Вижу по твоей умиленной роже, Пеант, что не понимаешь ты стихов. Да и кто ж в этом диком милетском городе способен их понимать?.. И души моей никто здесь не поймет, так и умру… Не спорь, Пеант, я куда раньше тебя испущу дух, не обманывайся тем, что сегодня мне немного лучше, не обманывайся, чтобы меньше горевать потом. Просто сегодня утром редкий в здешних краях яркий свет ворвался в мое окно — порадовал, а потом ты позабавил меня, вот и полегчало… Но опять затянули небо тучи, холод идет… Вот когда Истр подо льдом скроется, я и умру. А ты, толстяк, и думать не смей, чтоб раньше меня! Ты, может, если позволено будет, увезешь мой прах в Рим. Не я, так урна с прахом моим увидит великий Град!.. Слушай, Пеант, а я ведь уже и эпитафию себе сочинил, вот что следует на надгробье моем высечь:
Я под сим камнем лежу, любовных утех воспеватель,
Публий Назон, поэт, сгубленный даром своим.
Ты, что мимо идешь, ты тоже любил, потрудись же,
Молви: Назона костям пухом да будет земля!
Каково, а?.. Ну вот, даже ты понимаешь! А кто же лучше поймет эти строки, чем моя Коринна?.. Говоришь, ночью я опять бредил, звал ее? Да ведь не услышит она голос мой в Риме, никто отсюда не услышит…
Что-то выстыл опять этот постылый дом. Или ты, плут, жалеешь дрова? Ну-ка подбрось в очаг, чтобы пожарче горело. Такой сырой дом, дров не напасешься… Укрой меня чем-нибудь, знобит.
И не уговаривай поесть. Не хочу! Это ты жевать можешь все время, вот у тебя брюхо и растет… Я сейчас ничего не хочу, даже стихи сочинять не хочу! Сколько их написал, сколько отправил на родину… А помогли они в беде моей? Нет!.. Значит, и нет в них вовсе никакой силы, значит, зря я тратил на них время… Не хочу больше! Да и не могу уже… А ты знаешь, Пеант, когда умирает настоящий поэт?.. Когда уже не может писать… Или не хочет.

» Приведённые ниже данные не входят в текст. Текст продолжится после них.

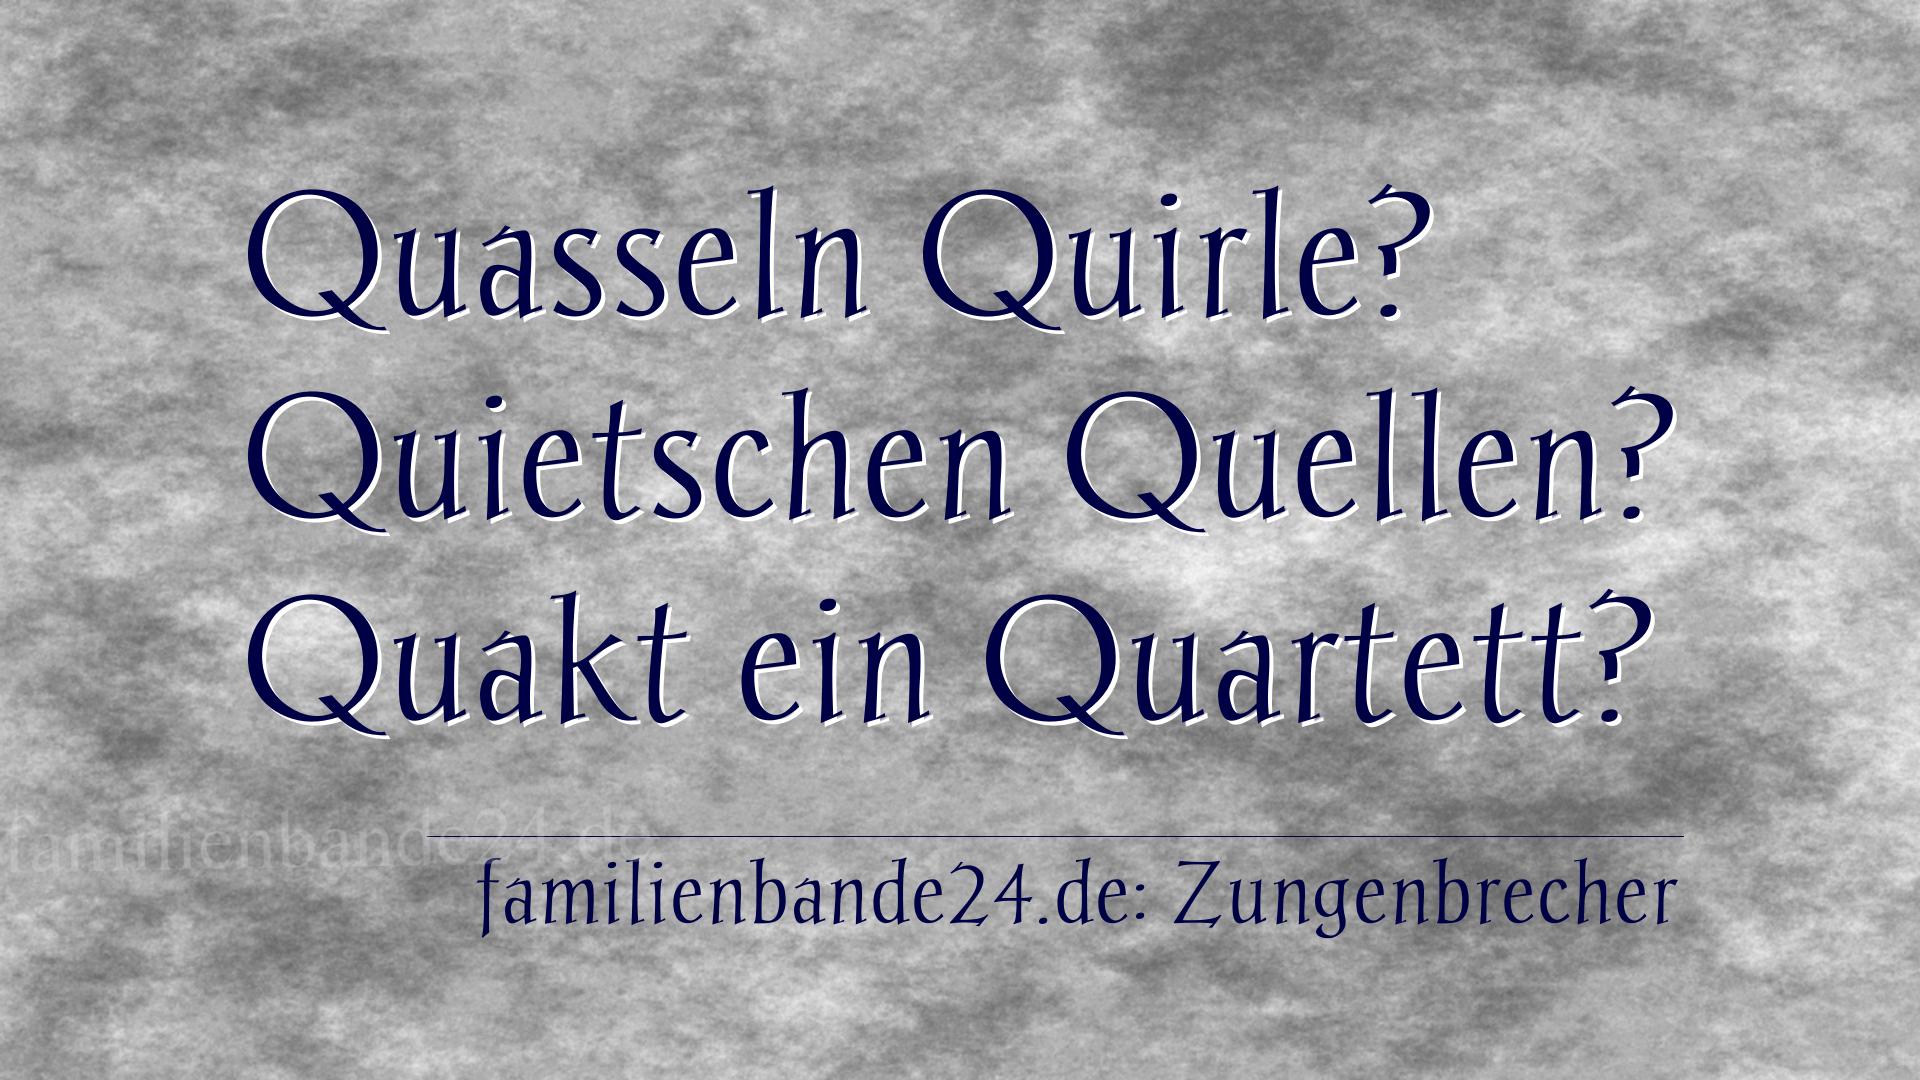 Zungenbrecher Nr. 738: Quasseln Quirle? Quietschen Quellen? Quakt ein Quartett?

Ступай, толстяк, не горюй: я ведь не сегодня умру. Иди, кому говорю!.. Я глаза закрою и буду лежать. Надо будет — позову. Ты, гляди, далеко только не отлучайся, а то новых шишек прибавится…
Спал или нет? А может, умирал?.. Не зря ведь Гипнос — сын Ночи и брат Смерти… Помнится, в «Метаморфозах» своих описывал я пещеру Гипноса в Киммерийской земле, где царят вечные сумерки, откуда вытекает родник забвения… А вот мне и сон забвения не дает! И облегчения не приносит: снова тяжко дышать, воздуха не хватает…
Неужели вечер уже? Сумрак какой… Или опять грязными тучами затянуто небо? В этой мерзкой Скифии, чуть к зиме дело, солнца почти и не видишь. Вот опять за окном течет, хлюпает, опять холодный дождище хлещет, превращая дороги в сусло. Да мне-то уж, видно, не ходить по ним… Многоязычное население этого городка разбрелось по своим мрачным жилищам — греются у очагов, пьют вино или любовью тешатся. А что еще делать в такое время?.. Летом ребятишки народятся, которых сейчас вот зачинают, тяжело дыша в серых сумерках, потные мужи. А семя Назона так и не дало ростка. Венерой ли я наказан? Юноной ли? А может, самим Юпитером? Уж не за безлюбость ли былую?.. Одна у меня дочка — златовласая Делия. Она называла меня отцом, хоть не мое семя зародило ее в Коринне. Не моя кровь течет в ее жилах, зато в душе ее немало от моей души, а это, может, и поважней!.. Потому так болит за нее сердце, жалею, что отдал ее в жены богатому пройдохе Суиллию. Да если б она, бедняжка, не влюбилась в него так, не отдал бы.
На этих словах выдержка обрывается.